After a particular session in which Henry talks about his distant relationship with his mother, both Henry and Béatrice begin to think they've fallen in love with one another. Henry refuses to say anything, feeling too cowardly, while Béatrice's friend tells her she cannot be involved in a relationship with a patient. Béatrice and Henry become close and continue to feel strongly towards one another. During one of their sessions the light turns off and both secretly whisper love confessions in the dark, but neither hears what the other is saying. Henry's friend urges him to run to Béatrice or write her a letter but as these are all things that Béatrice's previous lovers have done that have failed, Henry refuses. He decides that the only way the situation will be resolved is if Béatrice confesses her love to him. Instead she calls him late at night to tell him their sessions must come to an end as she is returning to Paris. Henry tells Béatrice he loves her, but she hangs up before she hears what he has said.

Henry rushes to the airport hoping to get a last minute flight to Paris. Unfortunately, the plane is overbooked. Henry decides to wait on standby. He is able to get the last ticket as one passenger has not shown up, however that ticket belonged to Béatrice, so while Henry flies to Paris, searching the plane, looking for Béatrice, Béatrice stays behind.

Eventually arriving home, Béatrice realizes she cannot go to her apart as Henry is still in her apartment and goes to stay with her neighbour. On her neighbour's terrace she sees her plants which have flourished in her absence. She strikes up a conversation with Henry, who she cannot see through the plants. He disguises his voice so she will not recognize him. Talking to Henry through the plants Béatrice confesses that she came early because she had fallen in love with one of Henry's patients, John.

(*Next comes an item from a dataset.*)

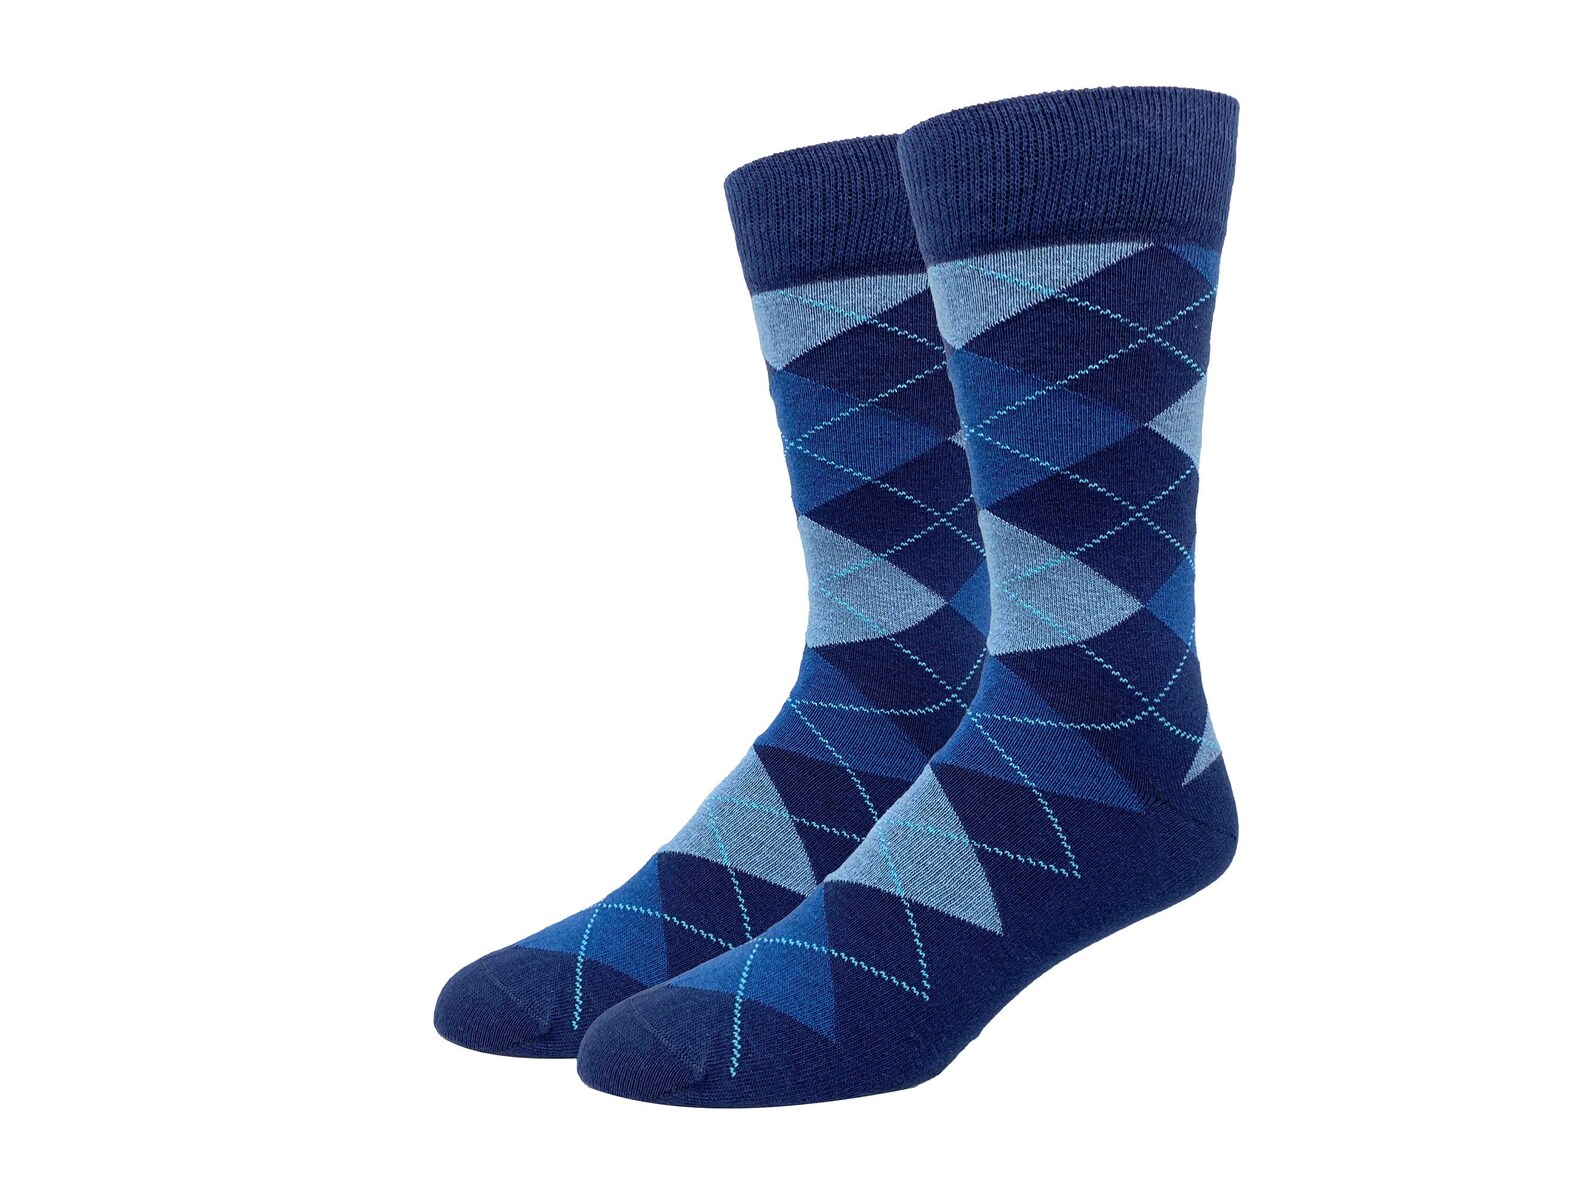 Men's Socks Blue Argyle Socks Classic Socks Cotton | Etsy
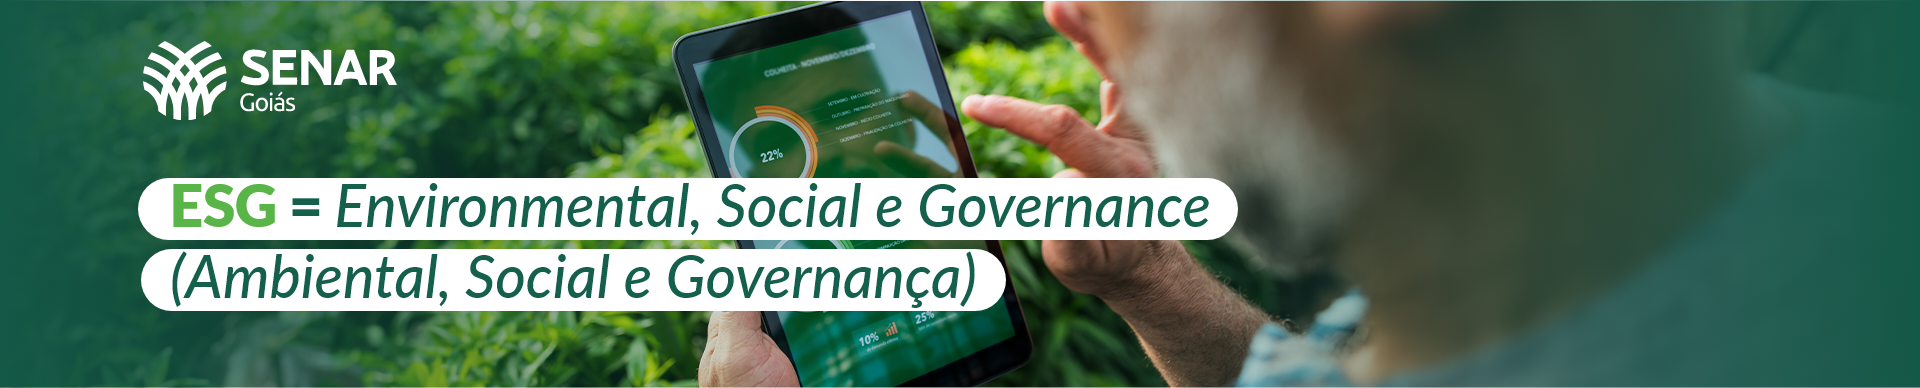 Banner informativo destacando a importância do ESG - Ambiental, Social e Governança para práticas sustentáveis. Logotipo do Senar-GO visível

Realizing that Henry and John are one and the same person, Béatrice climbs over the terrace back into her apartment and kisses Henry, telling him she loves him.

==Reception==
Janet Maslin of The New York Times wrote, "It takes a while to get past the strained, wide-eyed ingenuousness of A Couch in New York, in which [Akerman's] solemn side and Mr. Hurt's own gravity are never out of reach", but added that "once the film moves past its initial vapidity, it takes on a reasonably blithe aura of romance", concluding, "Coming from Ms. Akerman, this is pleasant but unaccountable fluff." David Rooney of Variety criticised the dialogue and felt that "Akerman attempts to create a magical atmosphere akin to that of a musical, with blithely improbable narrative shortcuts and fairy-tale skies, but the result is flat and labored", while stating that "Hurt and Binoche appear awkward in their roles".